Собственно, случайное (а скорее не случайное) скопление левых евразийцев – как чистых идеологов, так и энтузиастов нелегальных связей с ГПУ и вполне отчаянных «практиков» (вроде Родзевича, Арапова, Эфрона) следует отнести к началу 20-х годов, когда маленький, невидный Кламар становится «мозговым центром» эмиграции и в значительной степени опорным пунктом московских разведслужб. В этом становлении «кламарской группы» самую видную роль сыграл даже не знаменитый писатель-философ Бердяев, а гораздо менее знаменитый (и гораздо меньше писавший) музыковед П.П. Сувчинский. А в «раскручивании» и вдохновлении левого евразийского уклона, представляется мне, большую роль сыграла успешная лубянская операция «Трест», непосредственно связанная с Кламаром, обсуждавшая с тамошними евразийцами вопросы «идеологии» (борьбы с империализмом и чуждыми течениями эмиграции, помощь большевизму) и тактики: иные из евразийцев ездили на совещания в Москву с докладами, но документов, как иазвестно, пока напечатано мало, а благожелательные мемуаристы редко дерзали задевать долгожителя Сувчинского. Кое-что все же дошло до наших дней. В 30-й тетради послевоенного парижского журнала «Возрождение» (1953 год, публикация Н. Цурикова) помещено было относившееся к 20-м годам письмо некоего молодого пражского евразийца. Автор его пишет из Парижа о роли Сувчинского и его помощников по затеянному ими просоветскому журналу:
«Характер сотрудников в тройке обуславливает выдающееся положение Сувчинского. Фактически он, конечно, лидер… Он является крестным отцом евразийской идеологии. Он ведет внешнюю работу, сношения… Он является главным нервом всей системы. На нем лежит тяжесть конспиративной работы».
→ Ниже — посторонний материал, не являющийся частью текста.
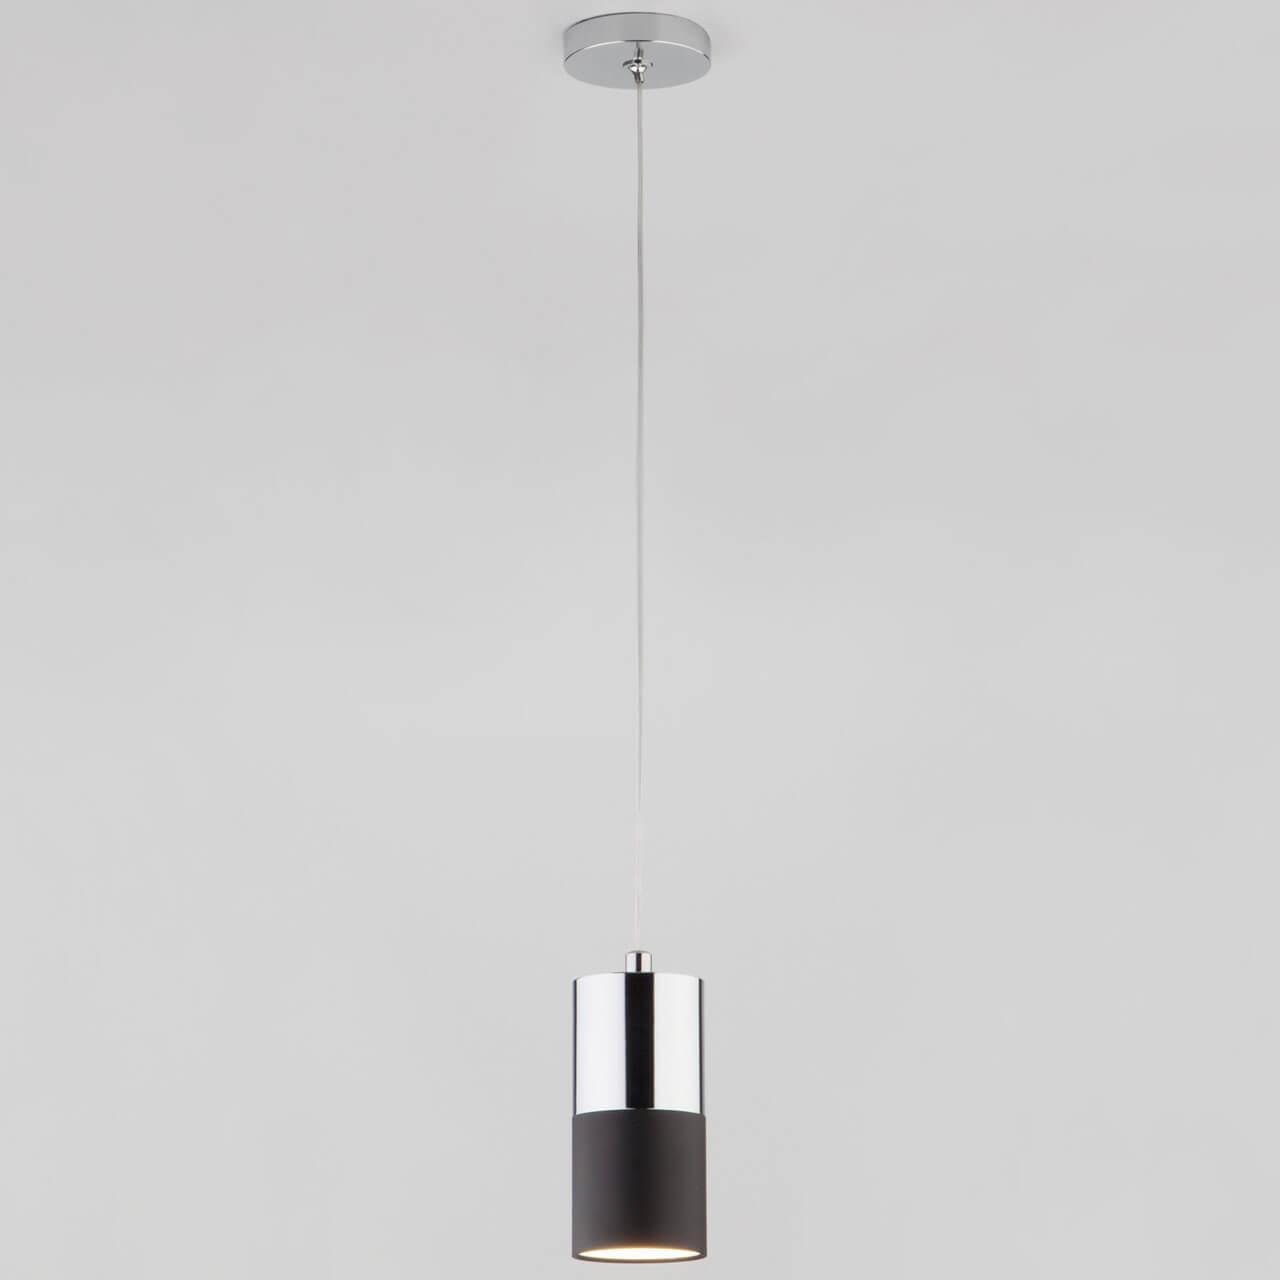 Подвесной светильник EUROSVET 50146/1 хром/черный, GU10, 5 Вт

В том же письме можно найти любопытный портрет Сувчинского (который позднее использовала в своей книге «Люди и ложи» Н. Берберова):
«Сувчинский произвел на меня впечатление избалованного кота-сутенера. В головке он больше всего гнет в сторону ГПУ, как он говорит, в сторону реальной обстановки… Он типичный эстет-лодырь, самовлюбленный до конца. Евразийство для него средство, которое дает ему возможность хорошо жить, ездить отдыхать на берег океана, проводить время в праздном безделии… По своему складу он эстет с головы до ног. Сомневаюсь, чтобы он стал бы распинаться за евразийство. Прежде всего он думает о себе и с этим критерием подходит к вопросам «идеологии». Евразийство, кроме материальных возможностей, щекочет его самолюбие… Все-таки он столп и апостол этого течения, о котором все говорят, и о котором он говорит с видом скучающего сноба. То обстоятельство, что он стоит во главе определенной отрасли дела, создает определенную возможность для появления около него всесильного секретаря. Учитывая характер лиц пражской группы, можно сказать, что вероятным его «секретарем» будет Родзевич, человек волевой и беспринципный (напомню, что это знаменитый герой двух цветаевских поэм, а может, и отец ее сына. – Б.Н.). Более талантливый Ефрон не сможет дополнить Сувчинского, так как сам бесхарактерен и, кроме того, с известными устоями элементарной морали».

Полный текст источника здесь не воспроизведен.